Boxplots (box and whisker plots)

Below you will find a series of examples showing how to produce boxplots, using the boxplot() function.

boxplot()

- boxplot(urb) Simple boxplot for a single variable
- boxplot(urb, notch=TRUE) "notched boxplot", marking the confidence interval for the mean. Make sure to use uppercase letters for TRUE!
- boxplot(urb, range = 2) range (default 1.5) defines where to place the inner fences, i.e. to define the outliers. 1.5 corresponds to 1.5 interquartile ranges. If you set range=0 the whiskers will extend to the minimum and maximum (no outliers possible).
- boxplot(urb, horizontal=TRUE) Draw the boxplot horizontally.
- boxplot(world[,20:22]) produces a parallel boxplot for columns 20 to 22 of our data frame (the three economic sectors); alternatively we could also write: boxplot(world[,c("gnpagr","gnpind","gnpserv")]). Of course you could also execute boxplot(world), but the resulting chart will be quite messy, as the variables have very different scales..
- boxplot(infmor ~continent) Boxplot by continent. boxplot() lets you specify a formula as argument, specifying the data. Note that if you wish to transform the variable before, you can write: boxplot(log10(infmor) ~continent)
- boxplot(infmor ~continent, varwidth=TRUE) produces a boxplot by continent as well, but the width of the boxes will be proportional to the square root of the numbers of observations in each continent. Note that - generally speaking - you could also supply a vector of values, containing the width for each box, based on a criterion you have defined previously.
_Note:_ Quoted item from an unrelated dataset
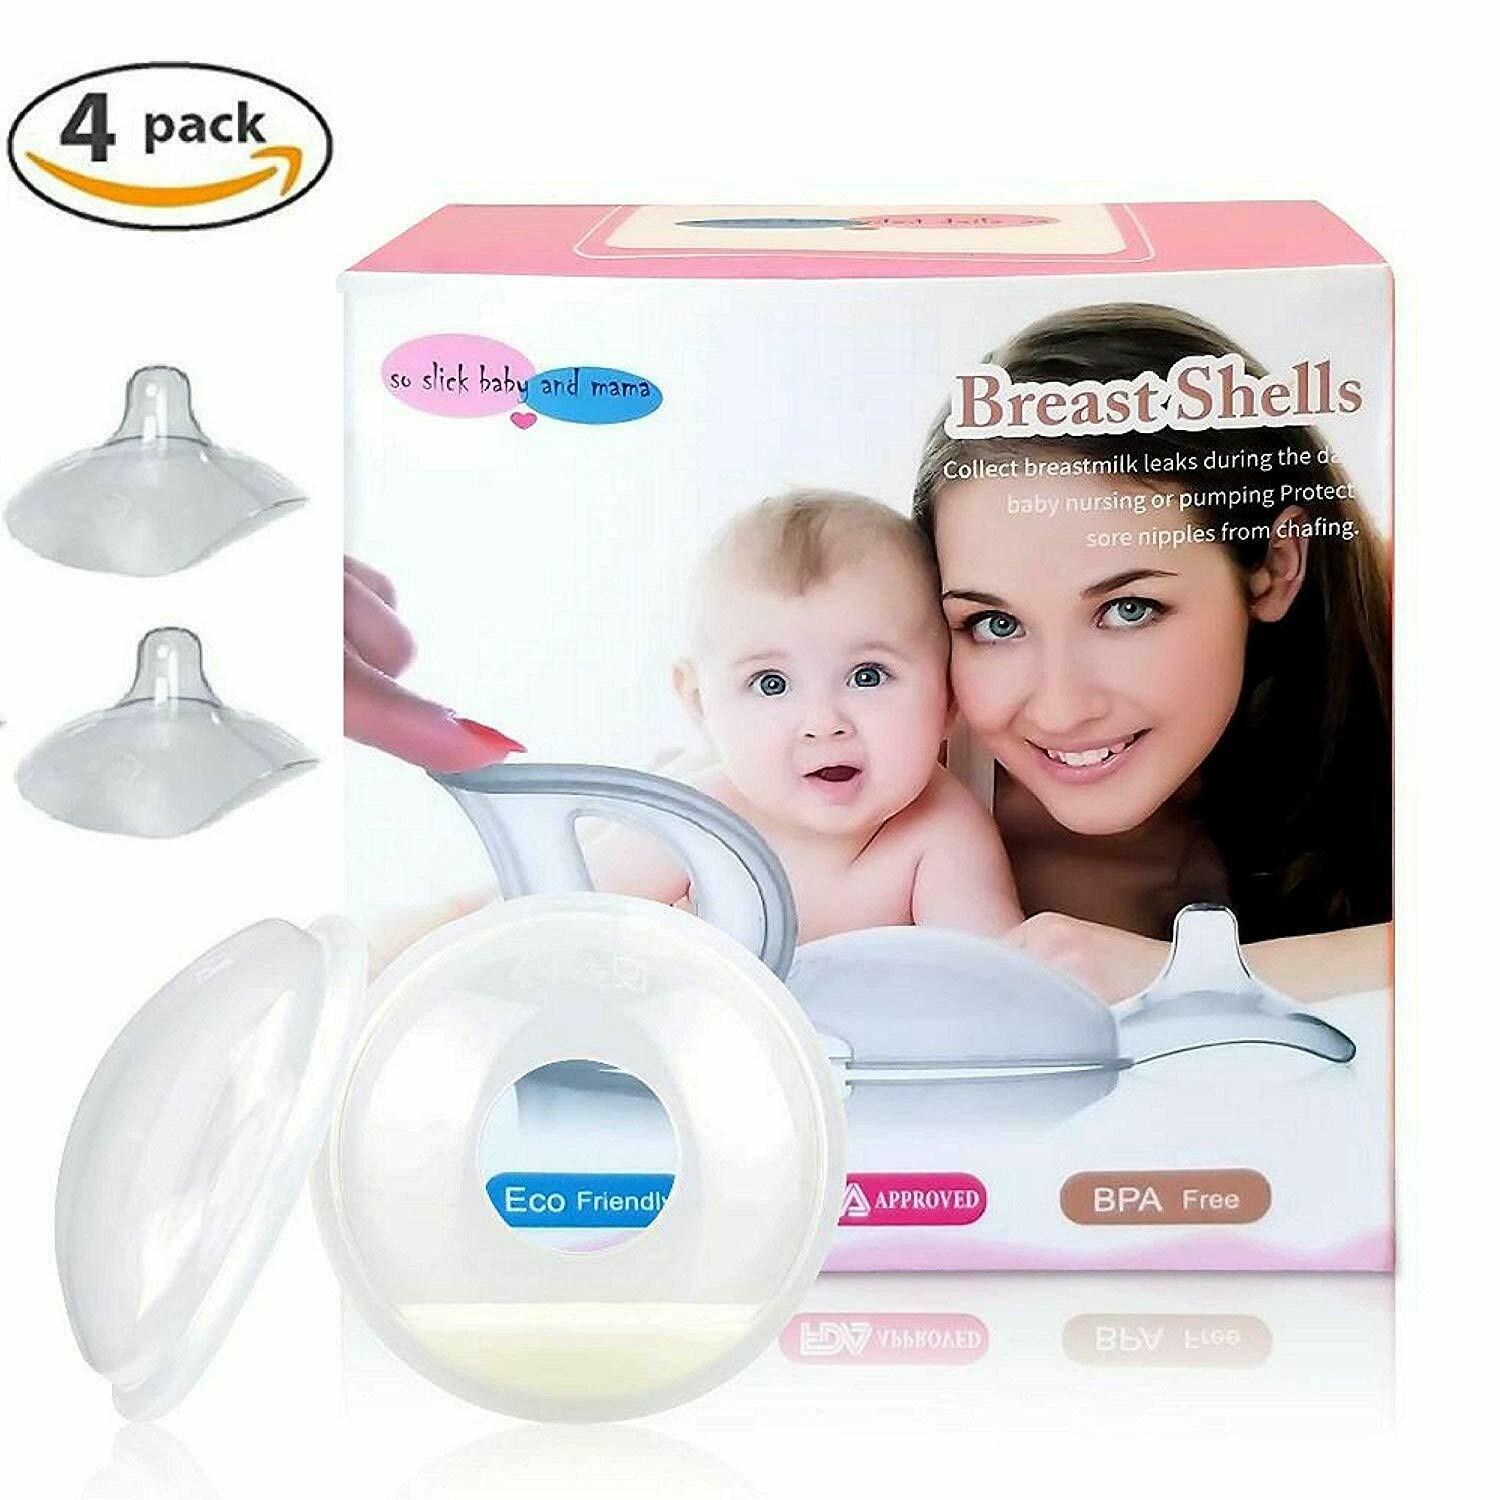 2 Nippleshield With 2 Breast Shell- {pack Of 4} Nipple Shield And Milk Catcher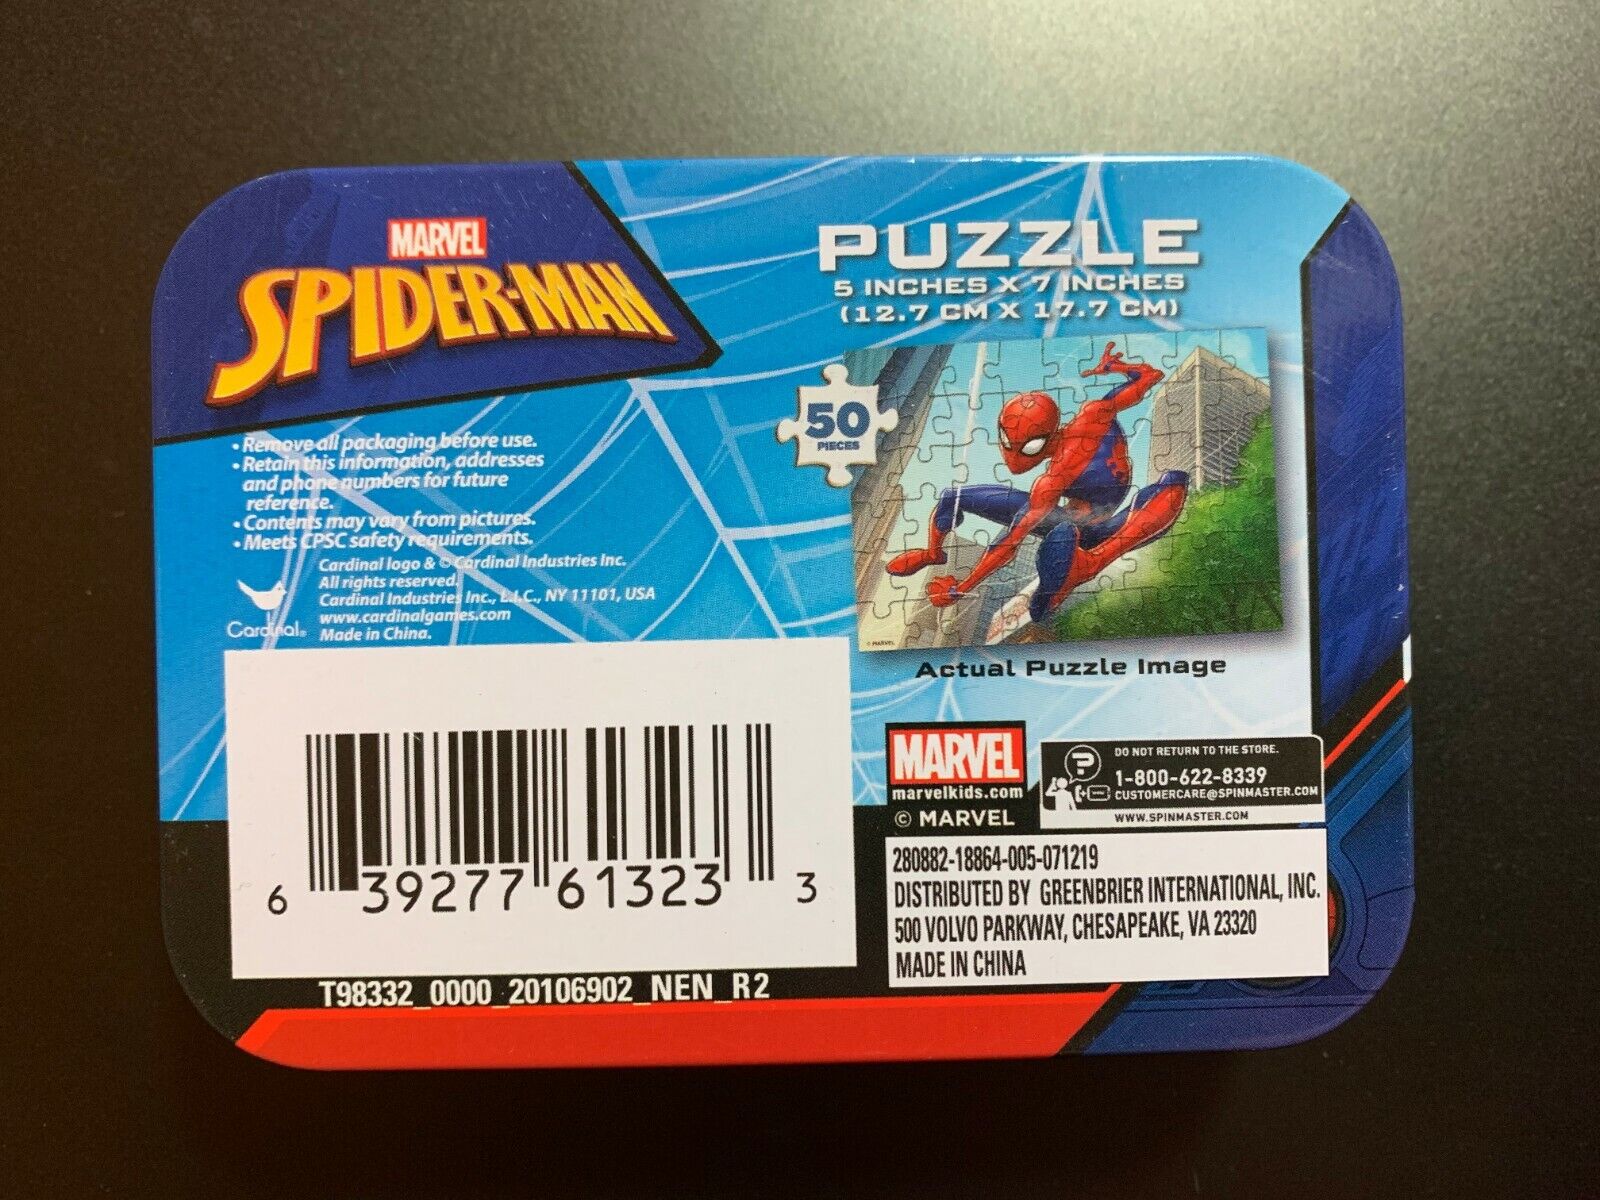 MARVEL SPIDER-MAN PUZZLE 50 PIECES IN TIN BOX BRAND NEW 5

boxplot() and the functions boxplot.stats and bxp it calls, allow -if you are able to program in R - to obtain any kind of boxplot you wish to produce. If you are curious, just examine the documentation and examples for these functions..

boxplot() does not identify outliers, but it is quite easy to program, as boxplot.stats() supplies a list of outliers..

Adding elements to a boxplot

You can add a density plot (barcode plot) to the boxplot.

boxplot(urb,horizontal=TRUE) rug(urb)

Identify outliers interactively

The identify() function can be used to interactively identify observations on a boxplot using the mouse. As the function, most useful for scatterplots (see this document)

, requires coordinates in the x and y direction, the example below creates a simple sequence variable: rep(1,length(area)) (1,2,3 ... up to the number of observations in the variable).boxplot(area, ylab="Area of the country") identify(rep(1, length(area)), super, rownames(worldl))

To stop the identification, use the

button or the context menu.Boxplot() in package car

Boxplot() (Uppercase B !) built on the base boxplot() function but has more options, specifically the possibility to label outliers.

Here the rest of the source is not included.